O réu criticou o poder público, acusando-o de se proteger por meio de suas três esferas (Executivo, Legislativo e Judiciário): "Temos o cheiro podre do protecionismo entre os poderes, tão relatado nas esferas federais dos grandes escândalos".

A defesa alegou que em nenhum momento o réu imputou aos promotores a prática de qualquer crime, se limitando a questionar o porquê de existirem provas e nada ser feito contra os fiscais. Disse ainda que seu cliente apenas externou seu sofrimento e indignação, falando em âmbito nacional.

Em depoimento, o promotor Joel Dutra disse que ficou magoado quando suas filhas, todas maiores de idade, o questionaram sobre o que "ele tinha feito", porque as pessoas estavam lhe acusando de ser corrupto.

Disse que ficou sabendo que falavam que ele favorecia entes públicos, que teria deixado as pessoas da prefeitura livres de qualquer procedimento. Reiterou que se sentiu bastante ofendido e atacado porque é promotor de Justiça há 20 anos e nunca se portou de modo que fosse contra sua consciência. E que não poderia suportar, em nome de uma dor, que espalhassem inverdades a respeito de sua honra.

Os promotores afirmaram ainda que durante todo o tempo sempre se reuniam com os pais da Associação dos Familiares das Vítimas e Sobreviventes de Santa Maria (AVTSM), da qual o réu é diretor jurídico, para manter clareza em relação ao caso. Que as inconformidades dos pais eram manifestadas nesses encontros, mas que todas eram compreensíveis.

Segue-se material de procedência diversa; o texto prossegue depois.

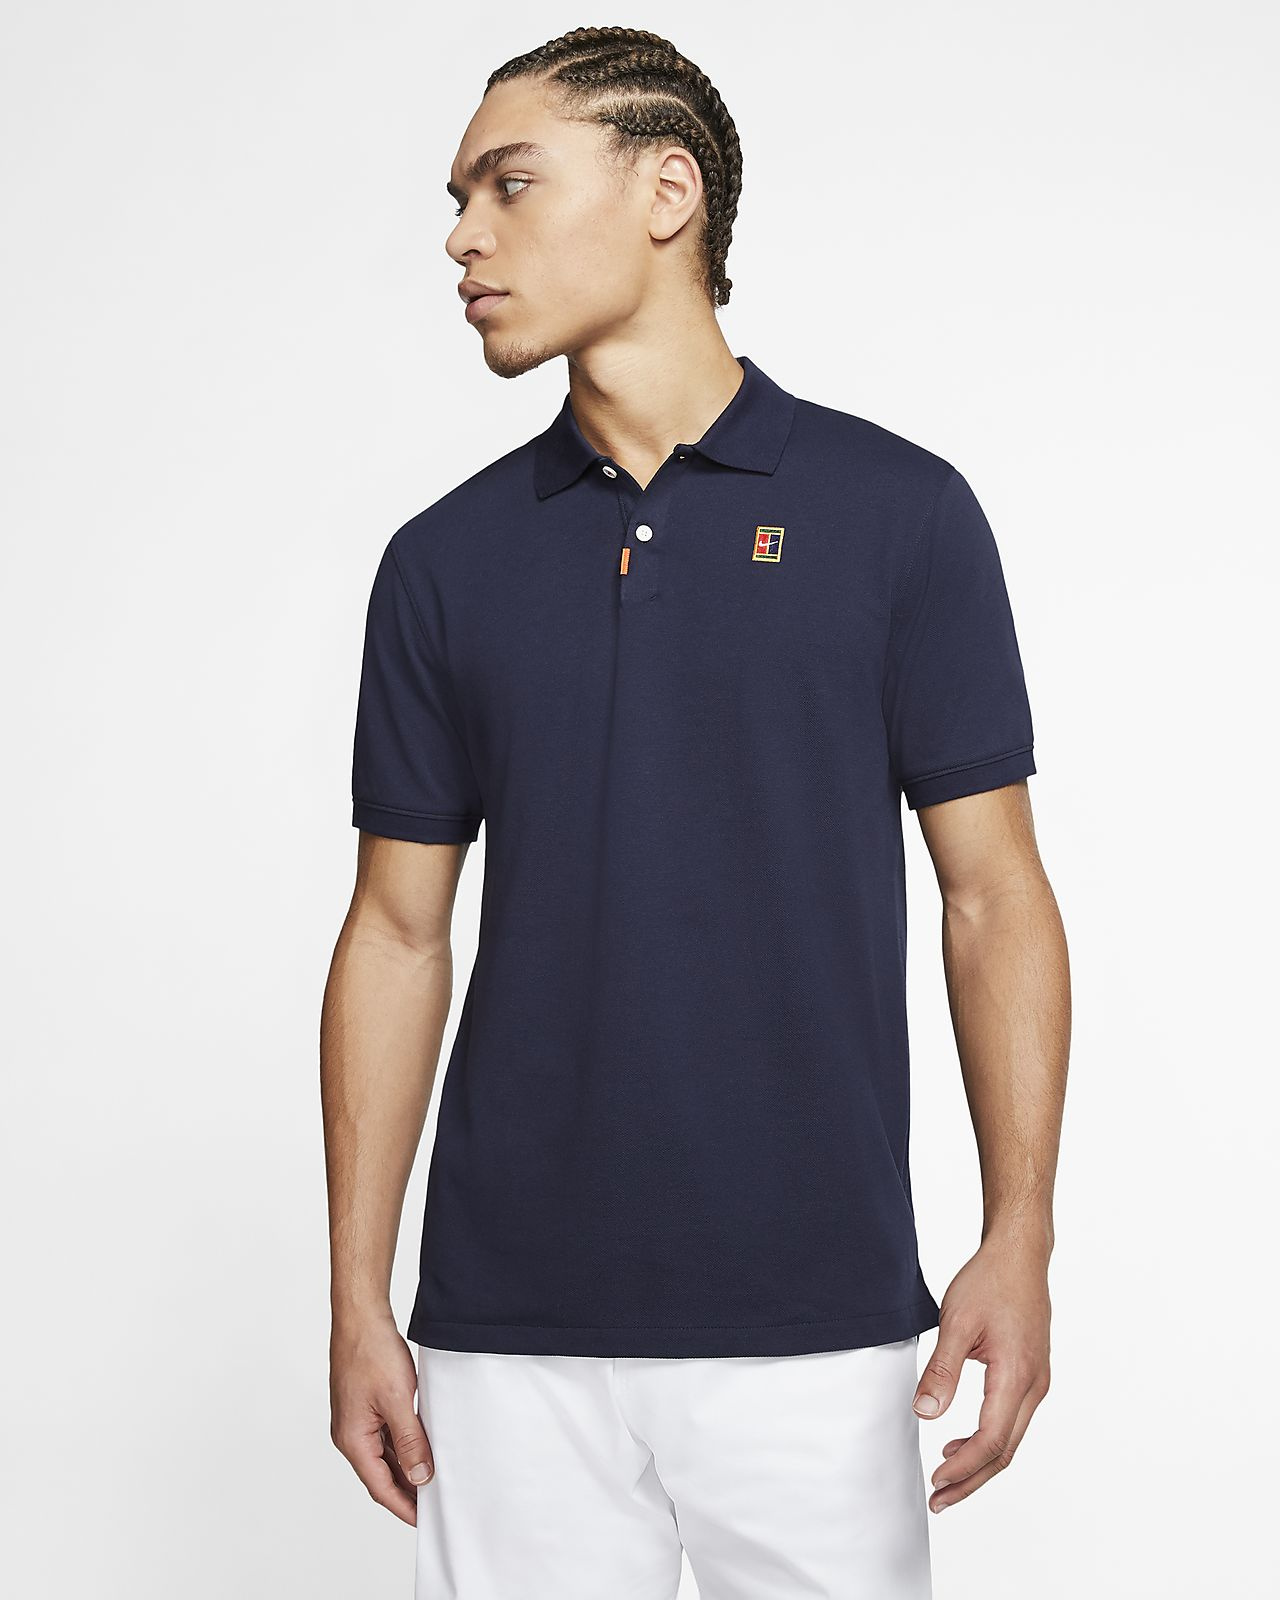 The Nike Polo Herren-Poloshirt in schmaler Passform

De acordo com Mauricio Trevisan, a partir de um determinado período, as manifestações começaram a mudar e ficaram mais enfáticas, levando fotos de cartazes e manifestações a audiências. Afirmou ainda que o ponto de tolerância foi ultrapassado com a publicação do artigo e com as manifestações feitas na internet.

Mera crítica
O juiz Leandro Sassi, titular da 2ª Vara Criminal da Comarca de Santa Maria, ao absolver o réu, explicou que, embora a acusação alegue que os promotores foram ofendidos, apontando que teriam praticado delito de prevaricação, se trata apenas de uma mera crítica quanto à atuação dos membros do MP.

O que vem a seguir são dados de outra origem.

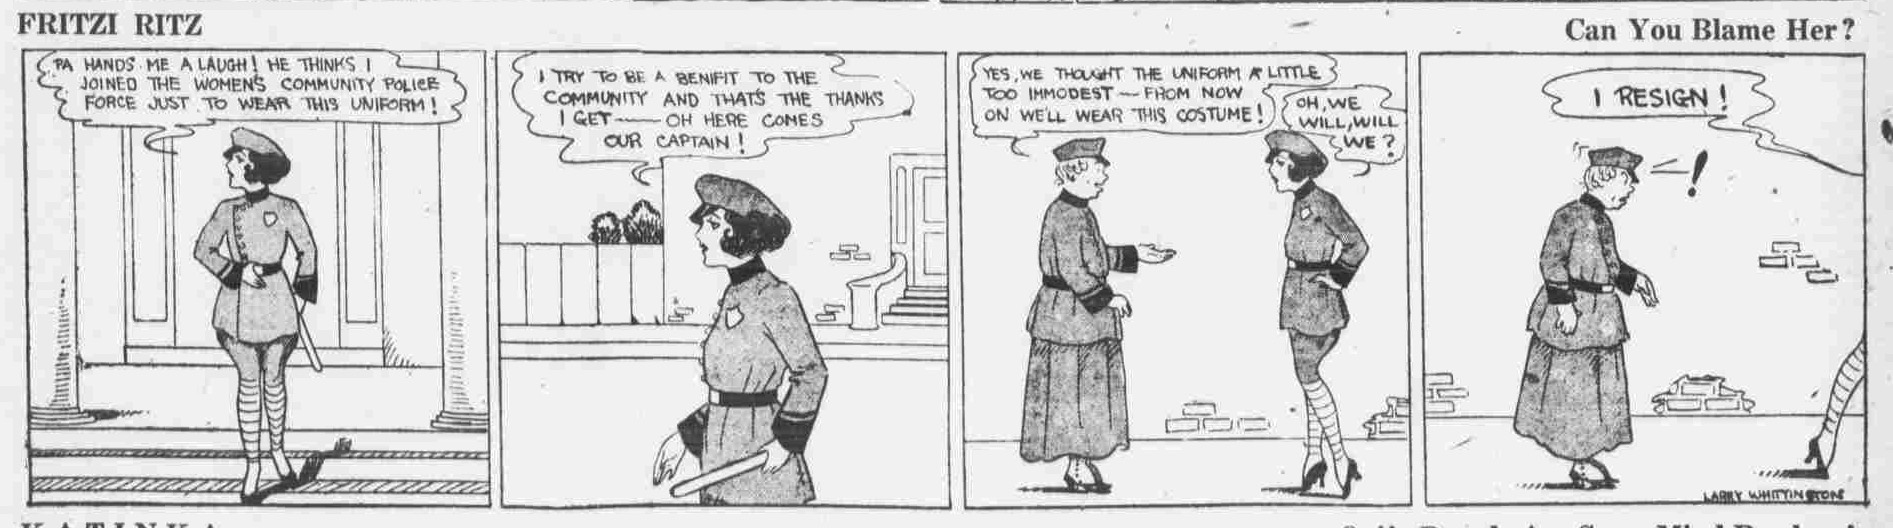 Nov. 18, 1922
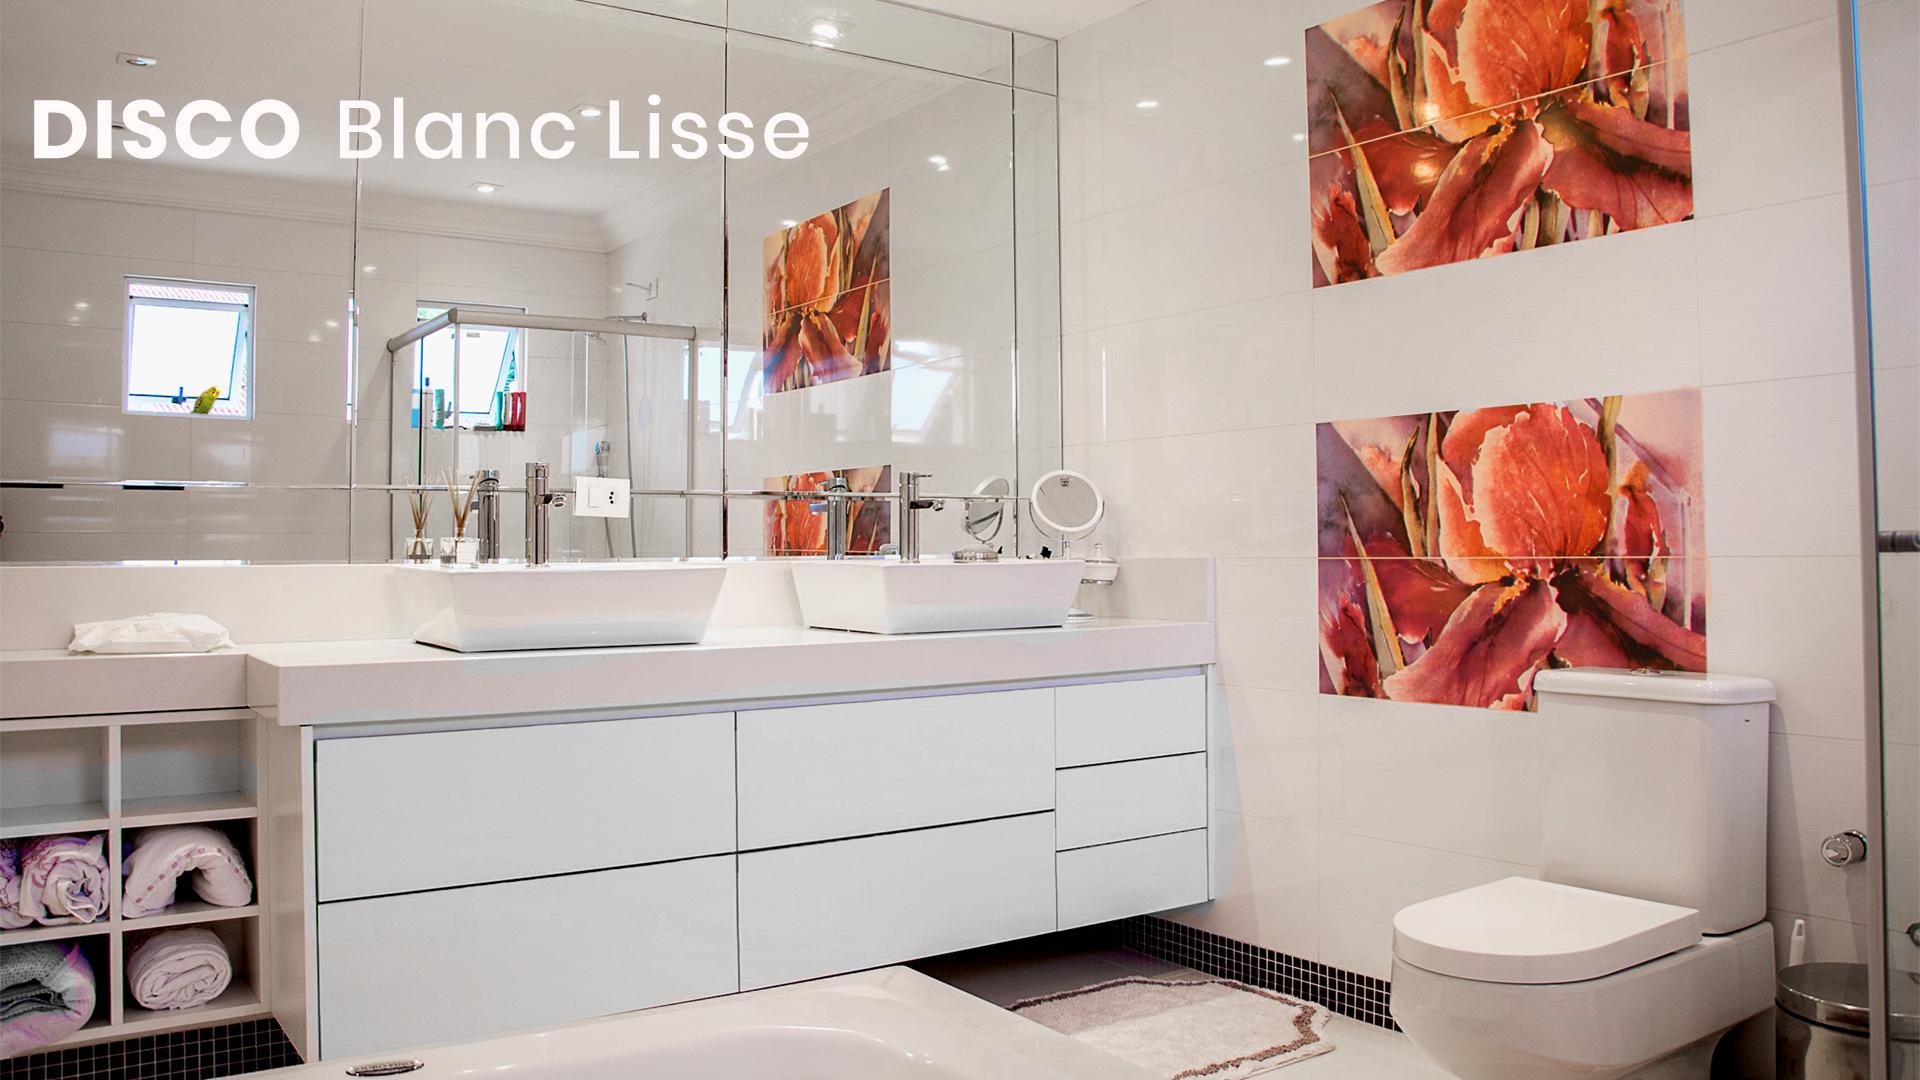 salle de bain disco blanc lisse

"Aliás, trazida apenas nos dois primeiros parágrafos do texto publicado no jornal, o acusado Paulo limitou-se a questionar suas atuações no processo, referindo que, em seu entender, deveriam ter os promotores maior determinação na produção da prova e apuração das responsabilidades pela tragédia, mas em nenhum momento indica que tenham feito isto para satisfazer qualquer interesse pessoal escuso", disse o juiz.

Para o magistrado, a calúnia não pode ser confirmada com base em uma declaração infeliz, colérica ou leviana, sendo aceita somente a declaração conscientemente falsa. 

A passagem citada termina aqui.